FROM "public"."asn_blocks"
         FULL JOIN "public"."city_blocks" ON "asn_blocks"."network" = "city_blocks"."network"
         FULL JOIN "public"."country_blocks" ON "asn_blocks"."network" = "country_blocks"."network"
WHERE "asn_blocks"."network" = '1.0.0.0/24'
   OR "city_blocks"."network" = '1.0.0.0/24' AND "asn_blocks"."network" IS NULL
   OR "country_blocks"."network" = '1.0.0.0/24' AND "asn_blocks"."network" IS NULL AND "city_blocks"."network" IS NULL

Ok, thanks that helps.

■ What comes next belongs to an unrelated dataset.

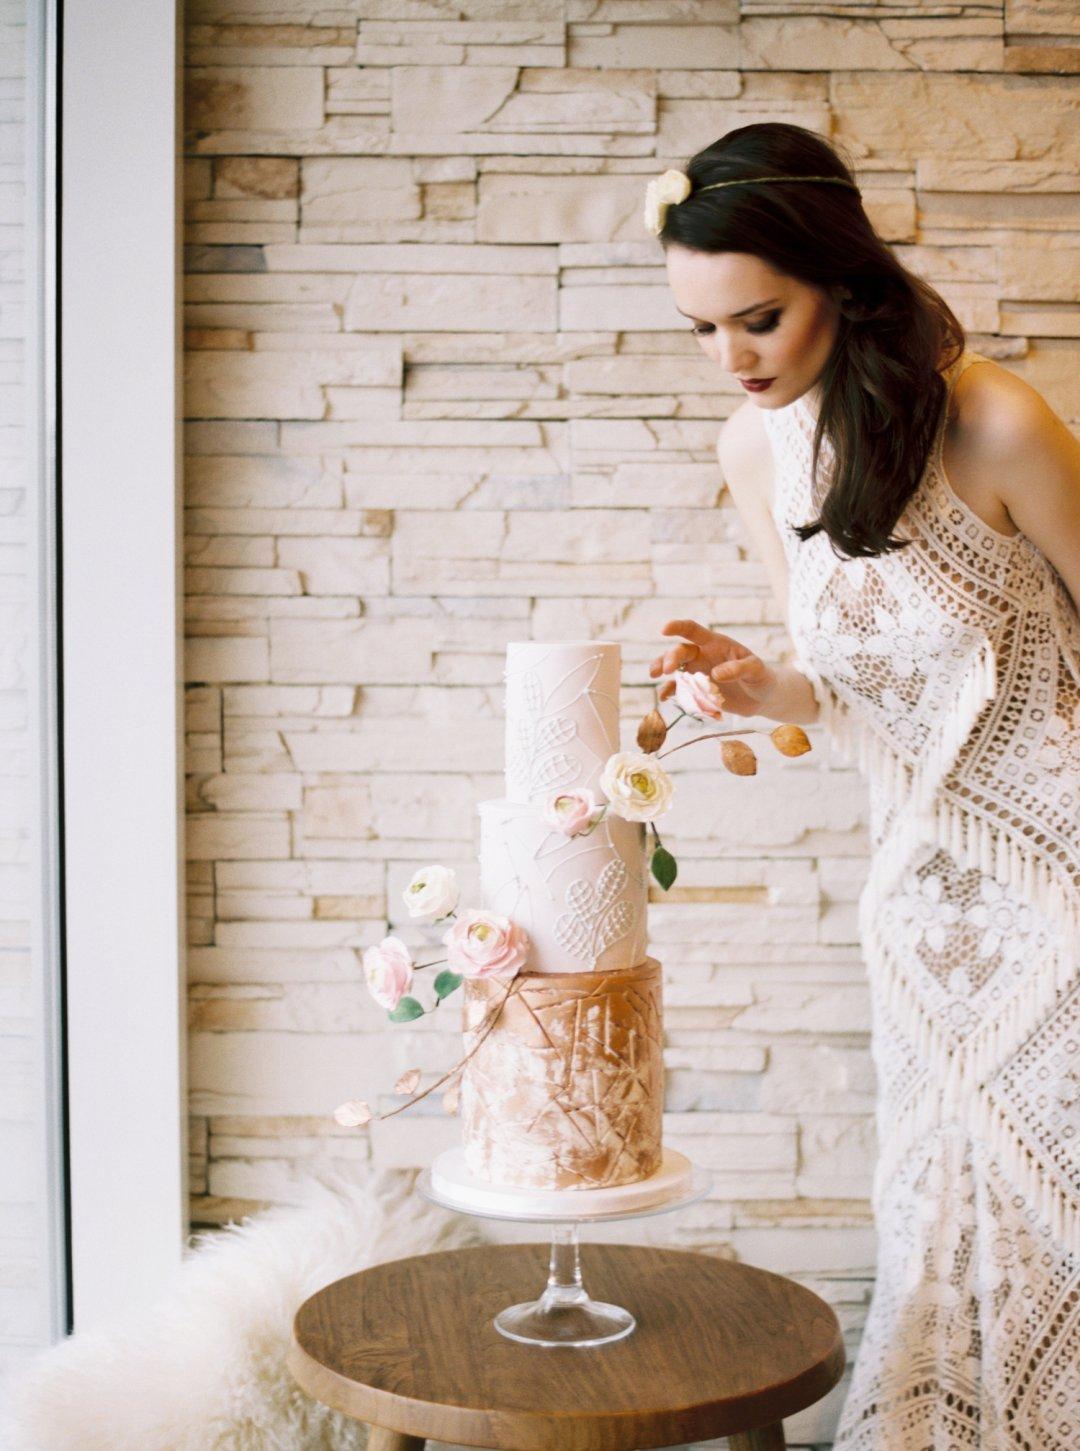 Bride in boho style wedding dress standing next to three tier cream wedding cake

I missed that weird join in the other view.

Can you share the Postgres plan for the Stardog-generated query?

The Postgres query plan for the Stardog generated SQL

 Hash Full Join  (cost=40586.29..382492.61 rows=5 width=101)
   Hash Cond: ((asn_blocks.network)::text = (country_blocks.network)::text)
   Filter: (((asn_blocks.network)::text = '1.0.0.0/24'::text) OR (((city_blocks.network)::text = '1.0.0.0/24'::text) AND (asn_blocks.network IS NULL)) OR (((country_blocks.network)::text = '1.0.0.0/24'::te
xt) AND (asn_blocks.network IS NULL) AND (city_blocks.network IS NULL)))
   ->  Hash Full Join  (cost=24126.09..238766.40 rows=2620585 width=71)
         Hash Cond: ((city_blocks.network)::text = (asn_blocks.network)::text)
         ->  Seq Scan on city_blocks  (cost=0.00..127325.85 rows=2620585 width=46)
         ->  Hash  (cost=14374.15..14374.15 rows=504315 width=25)
               ->  Seq Scan on asn_blocks  (cost=0.00..14374.15 rows=504315 width=25)
   ->  Hash  (cost=8620.31..8620.31 rows=405431 width=30)
         ->  Seq Scan on country_blocks  (cost=0.00..8620.31 rows=405431 width=30)
(10 rows)

This topic was automatically closed 14 days after the last reply. New replies are no longer allowed.